Coffee – Trick Or Treats?

By Donna Easto , C.H., H.C., M.H., Certified Herbal Educator

It’s a devilishly good drink; just ask Pope Clement VIII.  It’s 1600, local clergy are worried. Is coffee part of a satanic plot by Ottoman infidels to capture Christian Europeans’ souls?  They petition the Pope to outlaw the increasingly popular drink. Instead, intrigued by the fragrance of the dark liquid, Pope Clement bravely quaffs a cup. He likes it so much, instead of banning coffee, he blesses it, outfoxing Satan. The Church’s somewhat self-serving wisdom ensured the spread of the demonic brew throughout Europe. 

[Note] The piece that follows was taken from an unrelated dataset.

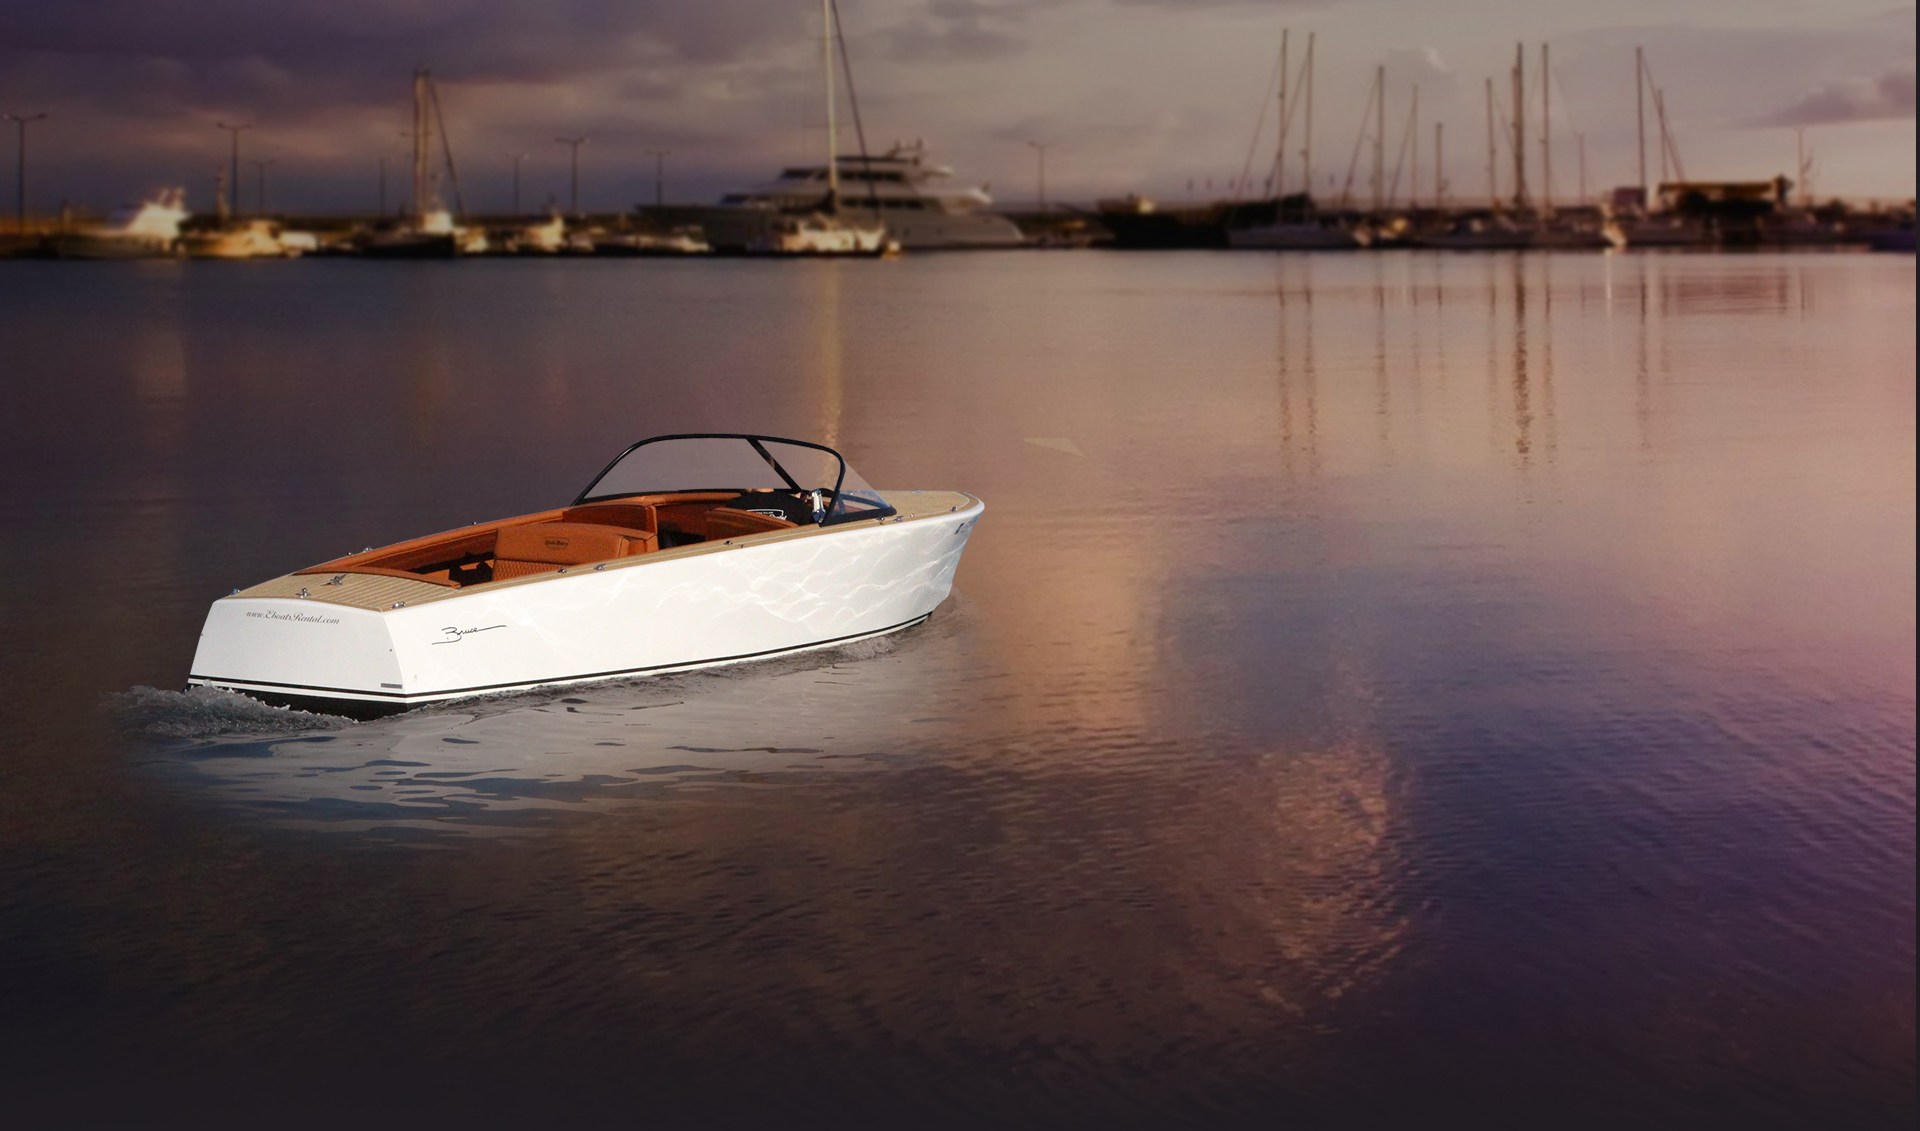 Newport Beach Electric Boat Rentals | Duffy Boat Rental | Newest Boats!

Nowadays, coffee is a wildly popular drink worldwide.  Despite its popularity, there’s still confusion about what coffee does to our body.  Biology 101 tells us coffee contains caffeine, a central nervous system stimulant (the trick). It also contains antioxidants (the treats), a broad group of molecules that soak up dangerous wastes in our body. We’ll leave talking about the positive effects of the antioxidants for another article. Let’s focus on the buzz around stimulants (caffeine is the world’s most commonly used psychoactive drug).

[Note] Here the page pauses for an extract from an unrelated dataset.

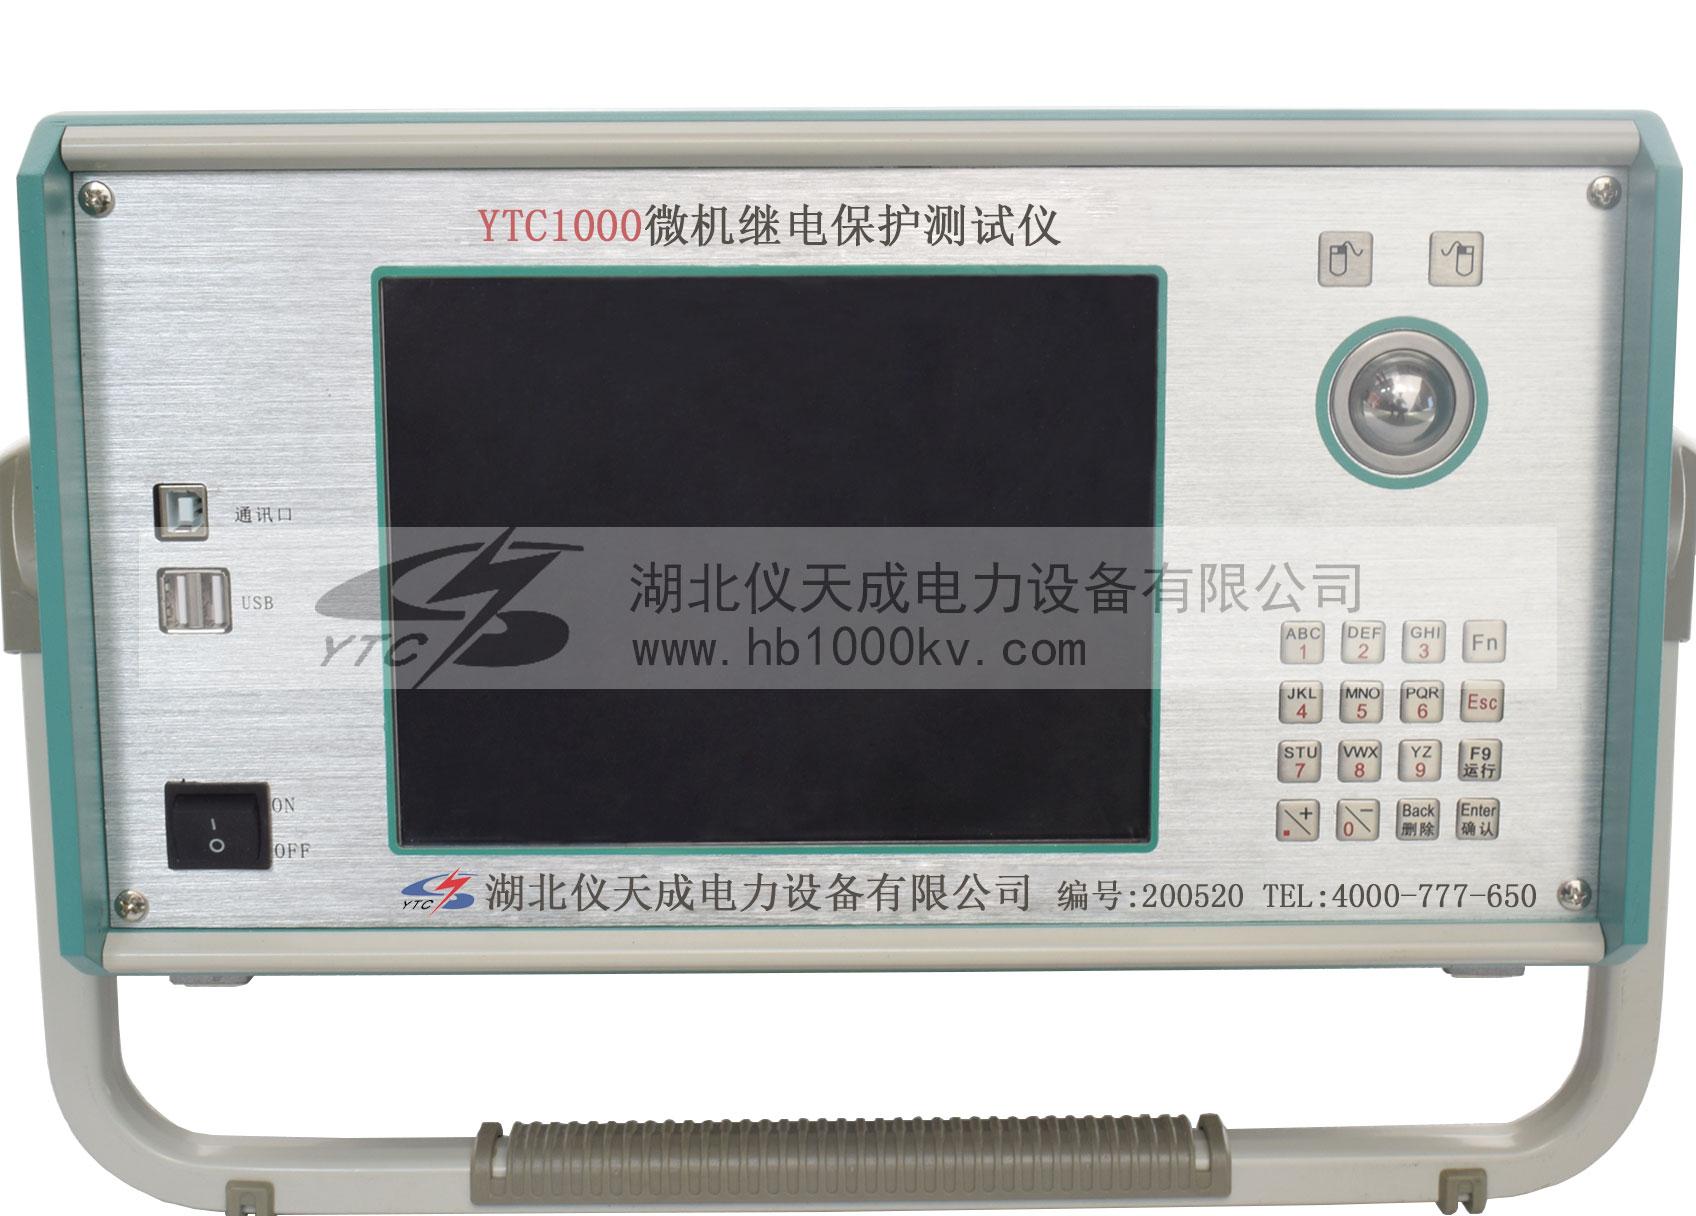 YTC1000微機繼電保護測試儀控制面板

Coffee has two faces, it can wake you up, it can keep you from sleep. Caffeine interferes with your body’s natural ability to rest when it’s tired.  Too much coffee, you’re jittery, jumpy and sleepless.  Not everyone processes caffeine the same way.  It can pose a serious health concern by deepening depression, increasing heart rate and intensifying arrhythmias.  Unfiltered coffee (Turkish, French press or boiled) has been associated with an increase in serum cholesterol levels, while reviews do not associate this effect with filtered coffee. People with heart disease, liver disease, Type 1 diabetes, or take thyroid medications or echinacea should speak with their health care provider about caffeine consumption.  Pregnant women should limit caffeine intake.  Breastfed infants don’t metabolize caffeine well.

Coffee for weight control. Rats fed instant coffee to the human equivalent of 70 to 80 cups of coffee daily were found to weigh less than a control group.  Wicked!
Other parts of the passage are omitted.